Tag Archives: warp drive

Warp Factor

To date the fastest speed ever traveled by humans is just under 25,000 miles per hour. This milestone was reached by the reentry capsule from the Apollo 10 moon mission — reaching 24,961 mph as it hurtled through Earth’s upper atmosphere. Yet this pales in comparison to the speed of light, which clocks in at 186,282 miles per second, in a vacuum. A quick visit to the calculator puts Apollo 10 at 6.93 miles per second, or 0.0037 percent speed of light!

Despite our very pedestrian speeds many dream of a future where humans might reach the stars, powered by some kind of “warp drive” (yes, Star Trek comes to mind). A handful of researchers at NASA are actively pondering this today. Though, our poor level of technology combined with our lack of understanding of the workings of the universe, suggests that an Alcubierre-like approach is still centuries away from our grasp.

From the New York Times:

Beyond the security gate at the Johnson Space Center’s 1960s-era campus here, inside a two-story glass and concrete building with winding corridors, there is a floating laboratory.

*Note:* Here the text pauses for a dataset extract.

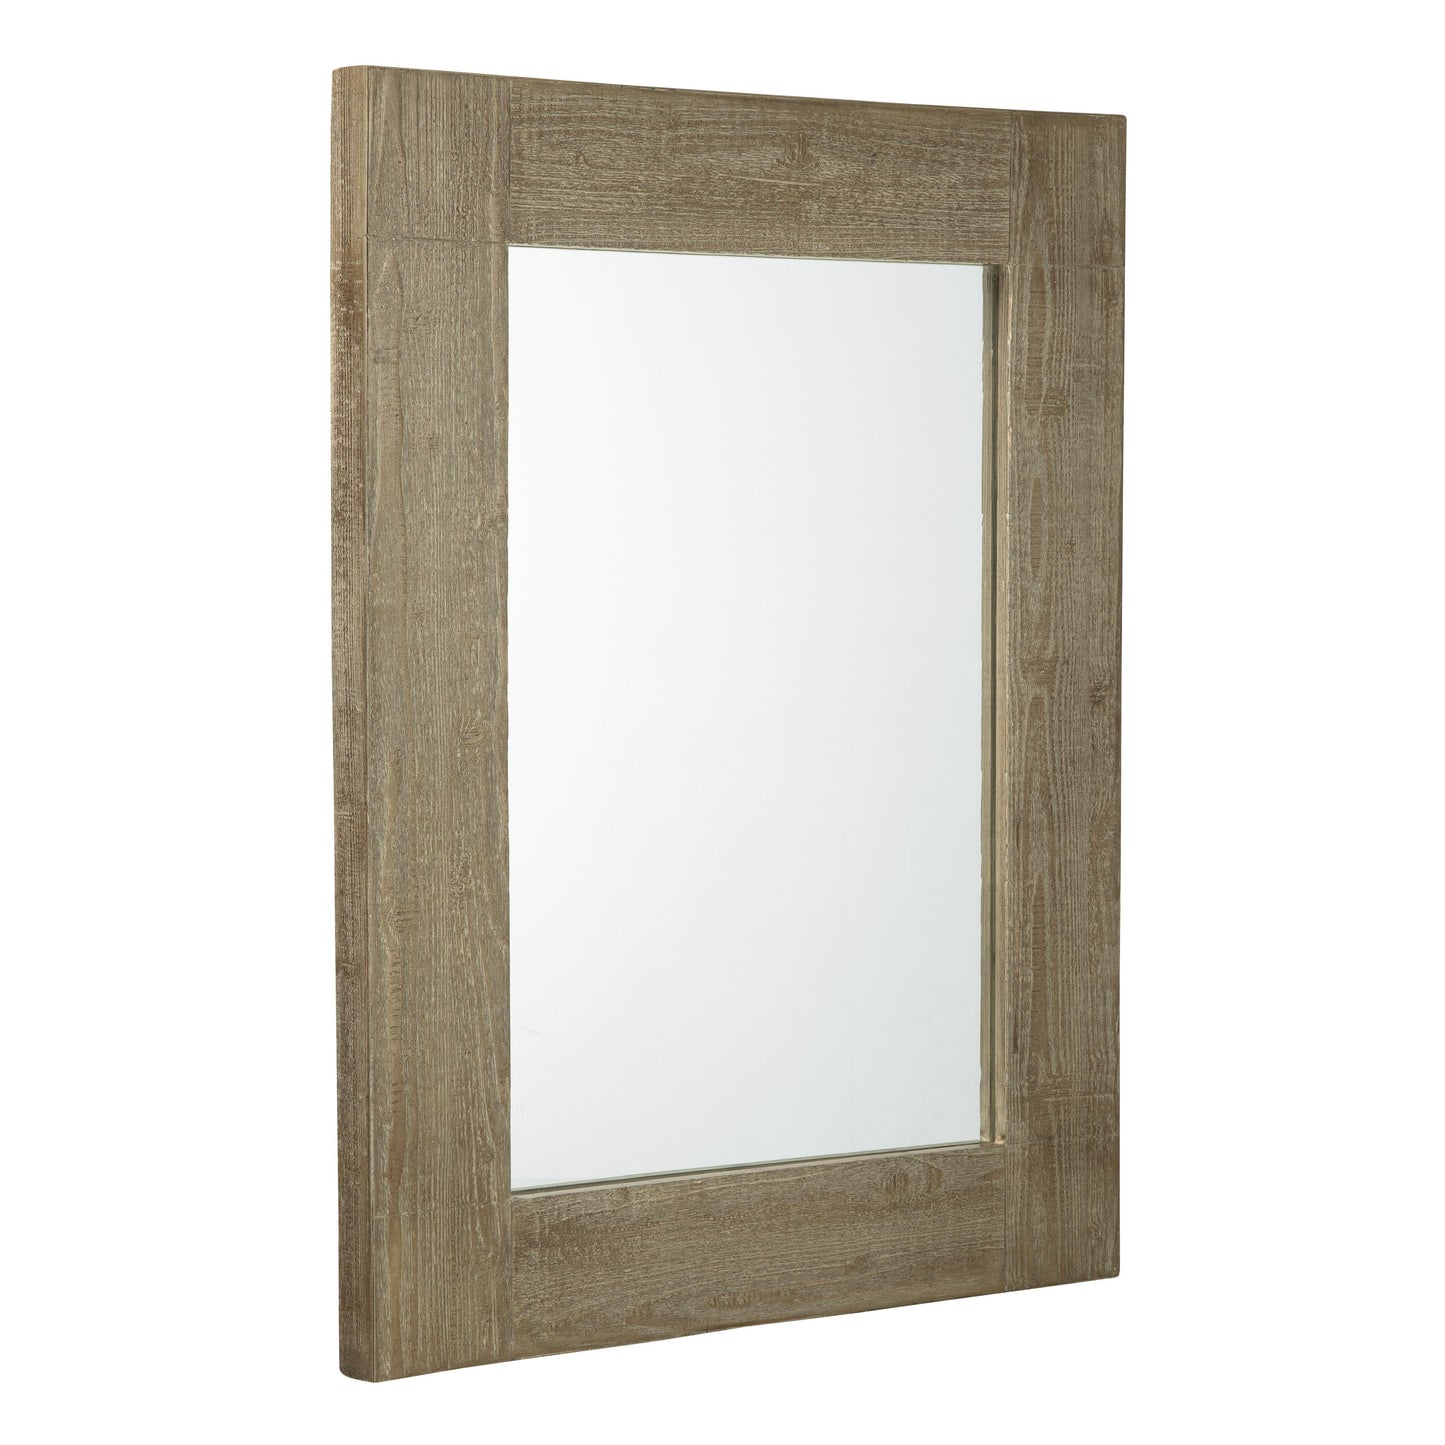 Signature Design by Ashley Waltleigh Wall Mirror A8010277 IMAGE 1

Harold G. White, a physicist and advanced propulsion engineer at NASA, beckoned toward a table full of equipment there on a recent afternoon: a laser, a camera, some small mirrors, a ring made of ceramic capacitors and a few other objects.

He and other NASA engineers have been designing and redesigning these instruments, with the goal of using them to slightly warp the trajectory of a photon, changing the distance it travels in a certain area, and then observing the change with a device called an interferometer. So sensitive is their measuring equipment that it was picking up myriad earthly vibrations, including people walking nearby. So they recently moved into this lab, which floats atop a system of underground pneumatic piers, freeing it from seismic disturbances.

The team is trying to determine whether faster-than-light travel — warp drive — might someday be possible.

Warp drive. Like on “Star Trek.”

“Space has been expanding since the Big Bang 13.7 billion years ago,” said Dr. White, 43, who runs the research project. “And we know that when you look at some of the cosmology models, there were early periods of the universe where there was explosive inflation, where two points would’ve went receding away from each other at very rapid speeds.”

“Nature can do it,” he said. “So the question is, can we do it?”

Einstein famously postulated that, as Dr. White put it, “thou shalt not exceed the speed of light,” essentially setting a galactic speed limit. But in 1994, a Mexican physicist, Miguel Alcubierre, theorized that faster-than-light speeds were possible in a way that did not contradict Einstein, though Dr. Alcubierre did not suggest anyone could actually construct the engine that could accomplish that.

His theory involved harnessing the expansion and contraction of space itself. Under Dr. Alcubierre’s hypothesis, a ship still couldn’t exceed light speed in a local region of space. But a theoretical propulsion system he sketched out manipulated space-time by generating a so-called “warp bubble” that would expand space on one side of a spacecraft and contract it on another.

“In this way, the spaceship will be pushed away from the Earth and pulled towards a distant star by space-time itself,” Dr. Alcubierre wrote. Dr. White has likened it to stepping onto a moving walkway at an airport.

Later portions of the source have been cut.